Publié le 15 décembre 2025 à 10h00. Lors du sommet COP16 sur la biodiversité, les peuples autochtones ont obtenu une place officielle et permanente dans les processus décisionnels internationaux liés à la conservation, une avancée saluée mais dont la concrétisation reste à assurer. Parallèlement, la restauration de la rivière Klamath en Californie témoigne d’une réussite environnementale spectaculaire avec le retour du saumon.
- Les peuples autochtones disposent désormais d’un comité permanent au sein des négociations sur la biodiversité.
- Près de 2 500 représentants autochtones ont participé à la COP16 au Brésil, constituant la plus importante délégation de l’histoire de ces conférences.
- Un an après la suppression de quatre barrages sur la rivière Klamath, le saumon est revenu en grand nombre dans ses frayères.

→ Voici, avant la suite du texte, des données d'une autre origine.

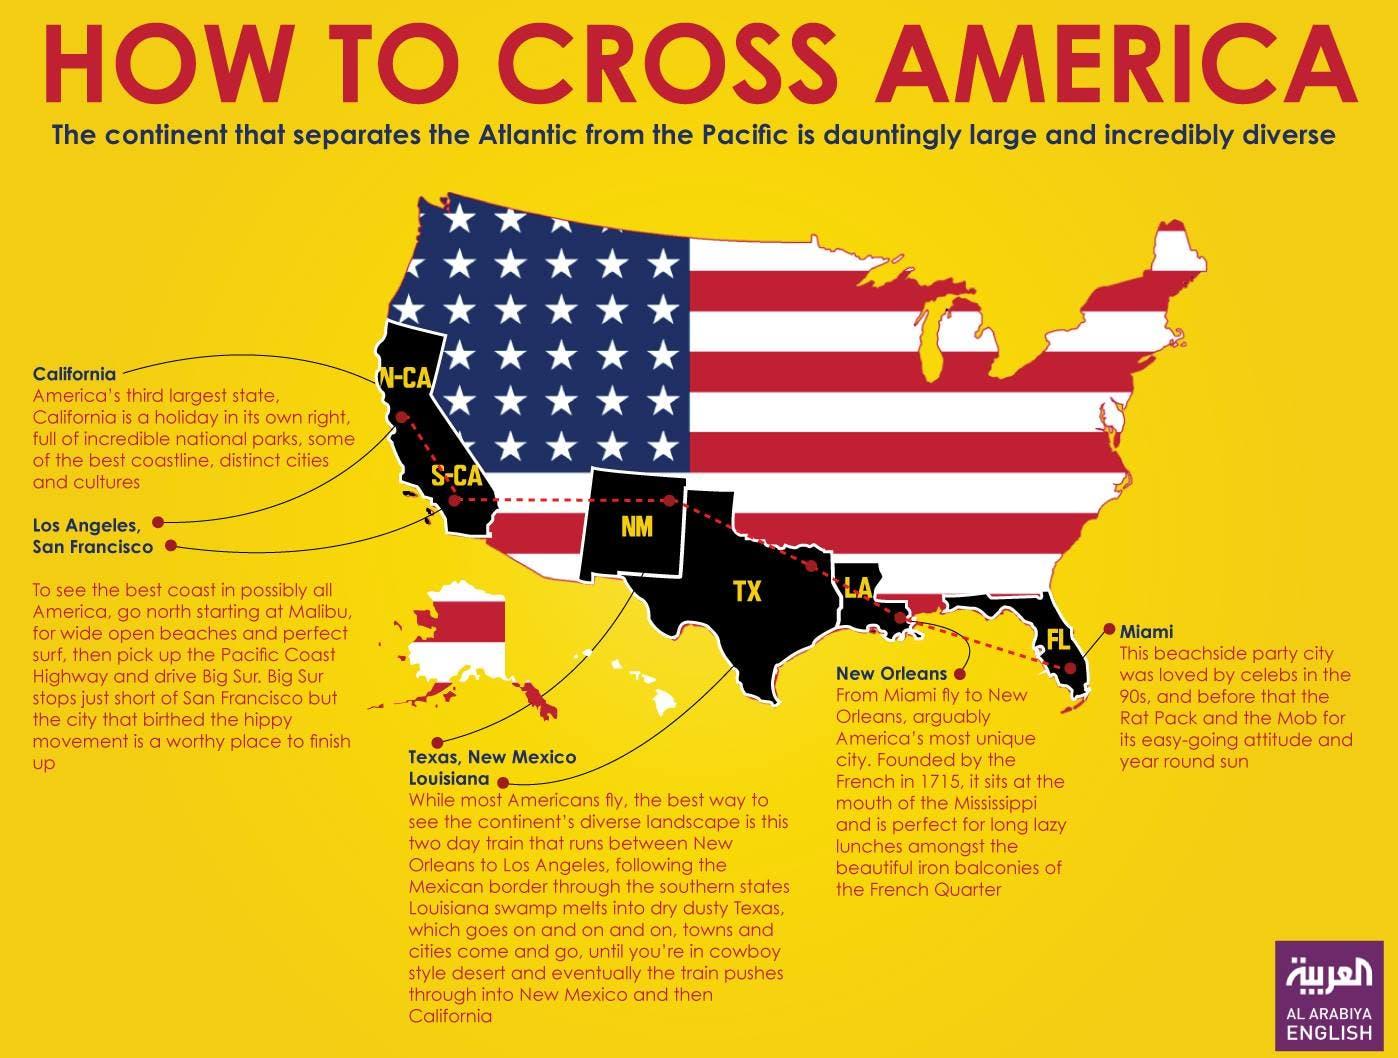 Infographic: How to cross America (Farwa Rizwan/ Al Arabiya English)
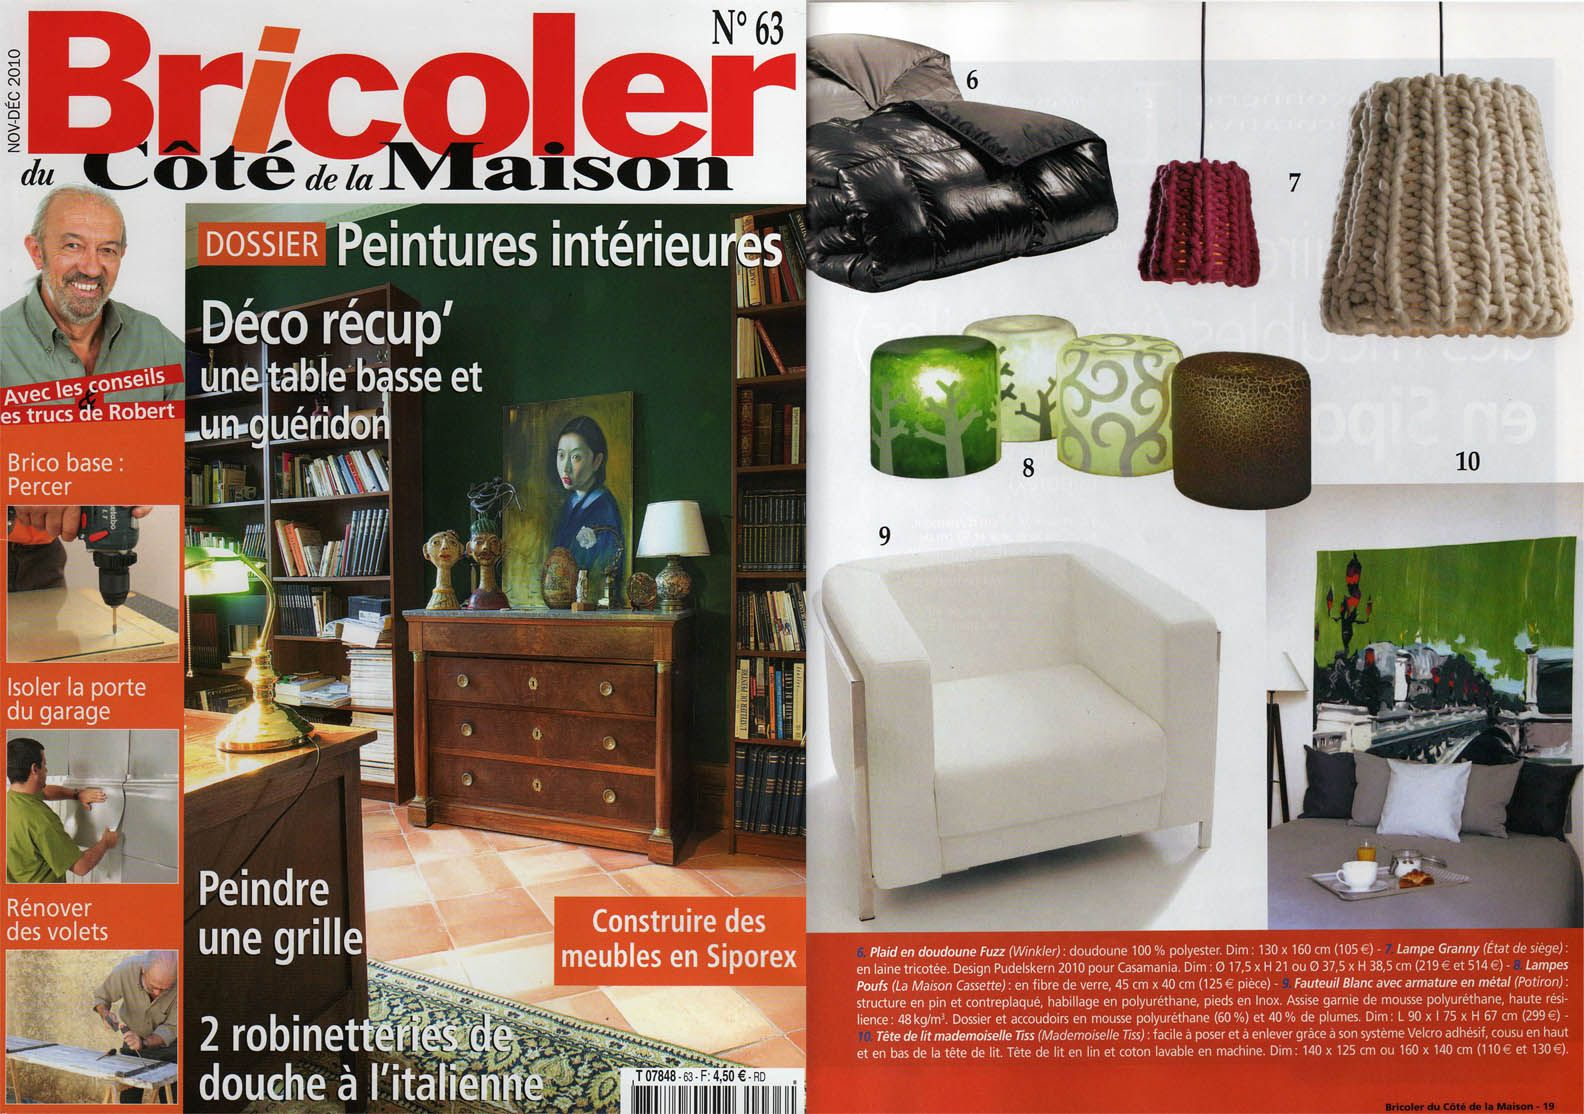 bricoler du cot de la maison ventana blog. Black Bedroom Furniture Sets. Home Design Ideas

Un tournant majeur s’est produit lors du sommet COP16 sur la biodiversité, qui s’est tenu en février dernier. Les peuples autochtones, gardiens de savoirs ancestraux cruciaux pour la protection de l’environnement, ont vu leur voix enfin reconnue de manière formelle. L’établissement d’un nouveau comité permanent leur confère un droit de regard officiel sur les décisions relatives à la conservation, rompant avec un statut auparavant informel et souvent négligé.
Cette avancée significative a été particulièrement visible lors de la COP30 au Brésil, où une délégation autochtone record, estimée à 2 500 personnes, était présente. L’importance des connaissances traditionnelles a été soulignée tout au long de la conférence.
Outre cette reconnaissance, le sommet a été marqué par de nouvelles promesses de financement et des engagements à reconnaître les droits fonciers des peuples autochtones. Au Brésil, concrètement, 10 nouveaux territoires indigènes ont été créés. Cependant, des inquiétudes persistent quant à la mise en œuvre effective de ces promesses, et les menaces qui pèsent sur de nombreuses communautés autochtones demeurent réelles. Survival International a notamment rapporté la mort violente d’un dirigeant guarani Kaiowá dans le sud du Brésil pendant la conférence.
Par ailleurs, un exemple concret de restauration environnementale réussie est à observer sur la rivière Klamath, en Californie. Un an après la suppression historique de quatre barrages qui entravaient son cours, le saumon est revenu en nombre impressionnant dans ses frayères traditionnelles.
Getty Images« Il y a du saumon partout dans le paysage en ce moment », a déclaré Michael Harris, responsable de l’environnement du programme Klamath Watershed Program du Département de la pêche et de la faune de Californie, selon des informations locales. « La rapidité de leur retour est remarquable. » Cette restauration, fruit d’une campagne menée par les tribus locales, démontre l’impact positif de la restauration des écosystèmes sur la biodiversité.